The Redfield ratio was initially derived empirically from measurements of the elemental composition of plankton in addition to the nitrate and phosphate content of seawater collected from a few stations in the Atlantic Ocean. This was later supported by hundreds of independent measurements of dissolved nitrate and phosphate. However, the composition of individual species of phytoplankton grown under nitrogen or phosphorus limitation shows that this N:P ratio can vary anywhere from 6:1 to 60:1. While understanding this problem, Redfield never attempted to explain it with the exception of noting that the N:P ratio of inorganic nutrients in the ocean interior was an average with small scale variability to be expected.

Although the Redfield ratio is remarkably stable in the deep ocean, it has been widely shown that phytoplankton may have large variations in the C:N:P composition, and their life strategy plays a role in the C:N:P ratio.
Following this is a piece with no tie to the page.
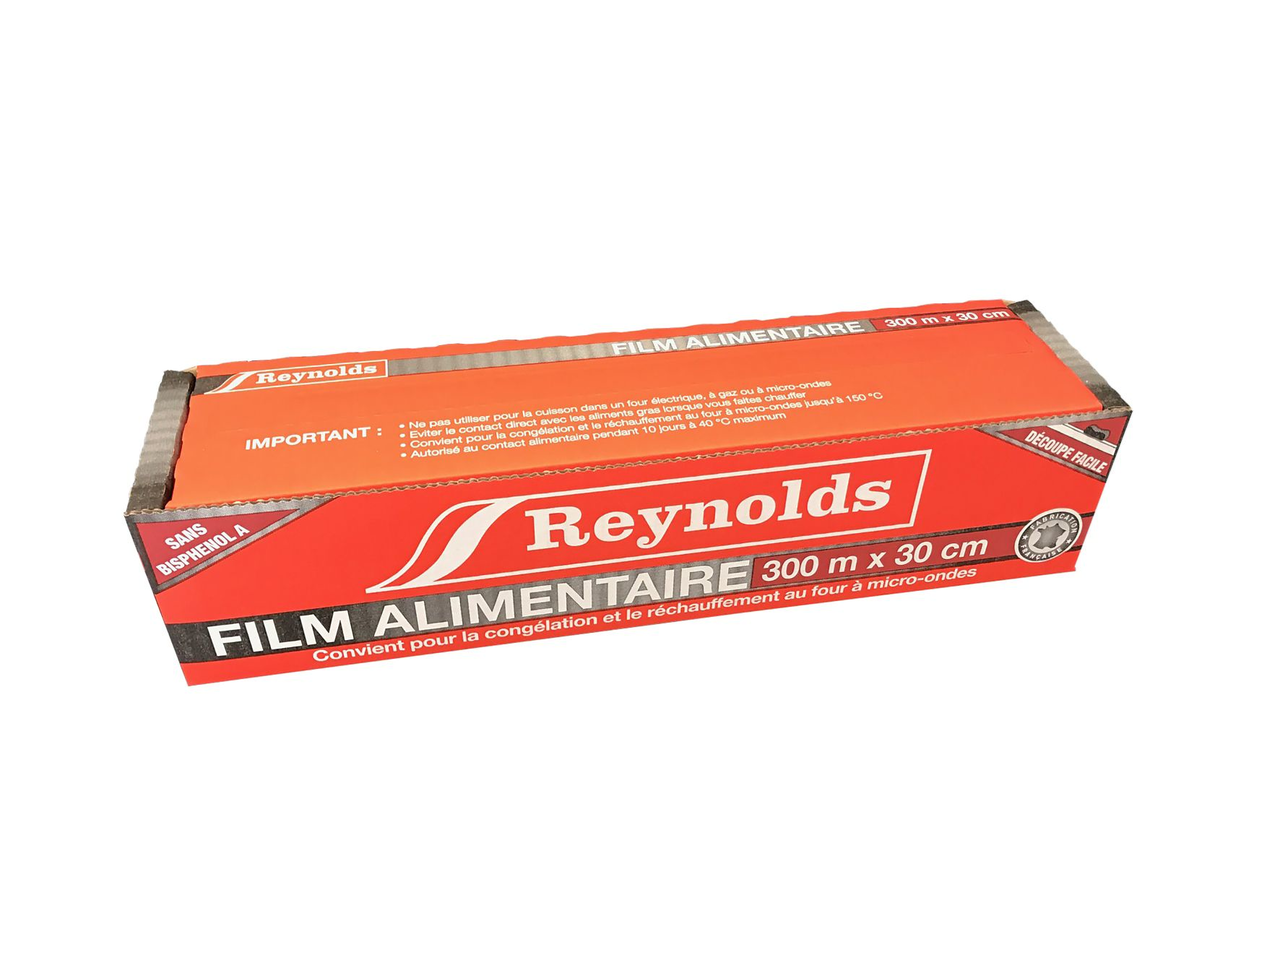 Reynolds Film alimentaire 300 m x 30 cm

This variability has made some researchers speculate that the Redfield ratio perhaps is a general average in the modern ocean rather than a fundamental feature of phytoplankton, though it has also been argued that it is related to a homeostatic protein-to-rRNA ratio fundamentally present in both prokaryotes and eukaryotes, which contributes to it being the most common composition. There are several possible explanations for the observed variability in C:N:P ratios. The speed at which the cell grows has an influence on cell composition and thereby its stoichiometry. Also, when phosphorus is scarce, phytoplankton communities can lower their P content, raising the N:P. Additionally, the accumulation and quantity of dead phytoplankton and detritus can affect the availability of certain food sources which in turn affects the composition of the cell. In some ecosystems, the Redfield ratio has also been shown to vary significantly by the dominant phytoplankton taxa present in an ecosystem, even in systems with abundant nutrients. Consequently, the system-specific Redfield ratio could serve as a proxy for plankton community structure.

Despite reports that the elemental composition of organisms such as marine phytoplankton in an oceanic region do not conform to the canonical Redfield ratio, the fundamental concept of this ratio remains valid and useful.

==Extended Redfield ratio==

Some feel that there are other elements, such as potassium, sulfur, zinc, copper, and iron which are also important in the ocean chemistry.

In particular, iron (Fe) was considered of great importance as early biological oceanographers hypothesized that iron may also be a limiting factor for primary production in the ocean. Since then experimentation has proven that Iron is a limiting factor for primary production. Iron-rich solution was added to 64 km^{2} area which led to an increase in phytoplankton primary production. As a result an extended Redfield ratio was developed to include this as part of this balance. This new stoichiometric ratio states that the ratio should be 106 C:16 N:1 P:0.1-0.001 Fe. The large variation for Fe is a result of the significant obstacle of ships and scientific equipment contaminating any samples collected at sea with excess Fe. It was this contamination that resulted in early evidence suggesting that iron concentrations were high and not a limiting factor in marine primary production.

Diatoms need, among other nutrients, silicic acid to create biogenic silica for their frustules (cell walls). As a result of this, the Redfield-Brzezinski nutrient ratio was proposed for diatoms and stated to be C:Si:N:P = 106:15:16:1. Extending beyond primary production itself, the oxygen consumed by aerobic respiration of phytoplankton biomass has also been shown to follow a predictable proportion to other elements. The O_{2}:C ratio has been measured at 138:106.